REPUBLIKA.CO.ID, JAKARTA — Kementerian Agama (Kemenag) meminta Komisi VIII DPR RI untuk mendukung kebijakan dukungan anggaran biaya penyelenggaraan ibadah haji untuk diatur dalam revisi Undang-Undang Nomor: 8 Tahun 2019 tentang Penyelenggaraan Ibadah Haji dan Umrah.
"Kami mohon pada pimpinan dan anggota Komisi VIII yang terhormat agar kebijakan dukungan anggaran biaya penyelenggaraan ibadah haji menjadi salah satu bahan yang dapat dipertimbangkan, menjadi bagian penting dalam revisi UU," kata Direktur Jenderal (Dirjen) Penyelenggaraan Haji dan Umrah (PHU) Kemenag Hilman Latief dalam rapat dengar pendapat Panitia Kerja (Panja) Penyelenggaraan Haji dan Umrah di DPR, Senayan, Jakarta, Kamis.
Menurut Hilman, dukungan anggaran tersebut perlu diatur dalam revisi UU Haji, mengingat masih adanya kendala dalam penyusunan anggaran dari APBN terkait dengan penyelenggaraan ibadah haji. Kendala tersebut di antaranya berkenaan dengan terbatasnya anggaran biaya operasional layanan dasar pada satuan kerja (satker) berupa operasional perkantoran serta langganan daya dan jasa.

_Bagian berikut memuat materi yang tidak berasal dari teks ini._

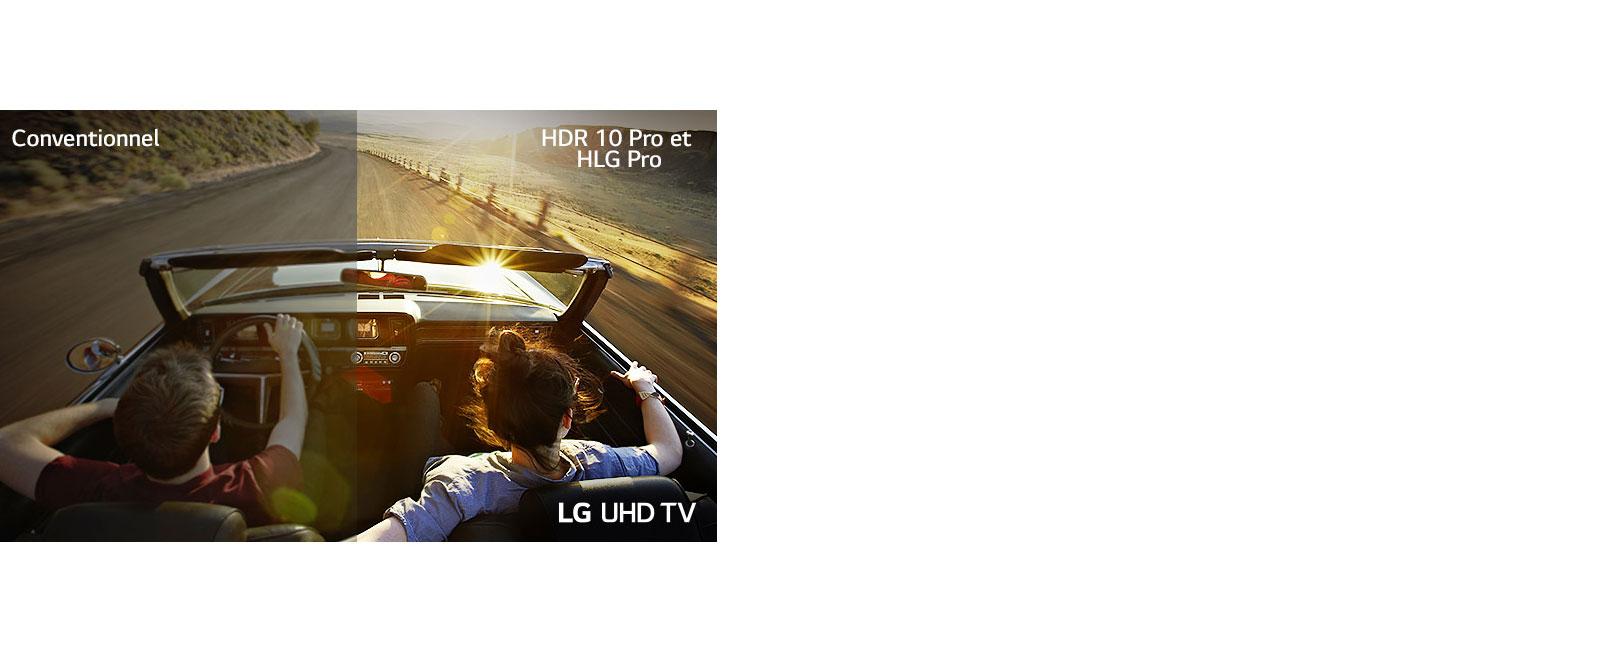 Un couple au volant d'un véhicule roulant sur une route. Une moitié de l'image est affichée sur un écran classique avec une mauvaise qualité d'image. L'autre moitié est affichée sur le téléviseur UHD LG avec une qualité d'image nette et vive.

Berikutnya, ada pula kendala yang berkaitan dengan anggaran yang dapat mendukung layanan ibadah haji yang bersumber dari dana operasional Badan Pengelola Keuangan Haji (BPKH). Hilman juga telah menyampaikan bahwa Kemenag memandang bahwa pemanfaatan dana Biaya Penyelenggaraan Ibadah Haji (BPIH) untuk operasional petugas haji perlu pula diatur dalam revisi UU tentang Penyelenggaraan Haji dan Umrah.
"Perlu klausul tambahan di revisi UU Haji yang memungkinkan penggunaan dana BPIH untuk mendukung operasionalisasi petugas haji," kata dia. Menurut Hilman, hal tersebut perlu diatur dengan tetap mengedepankan prinsip efektif, efisien, dan ekonomis.
Usulan tersebut muncul, katanya, karena selama ini pendanaan dari APBN sering kali tidak cukup fleksibel dalam pemenuhan kebutuhan pendataan penyelenggaraan ibadah haji.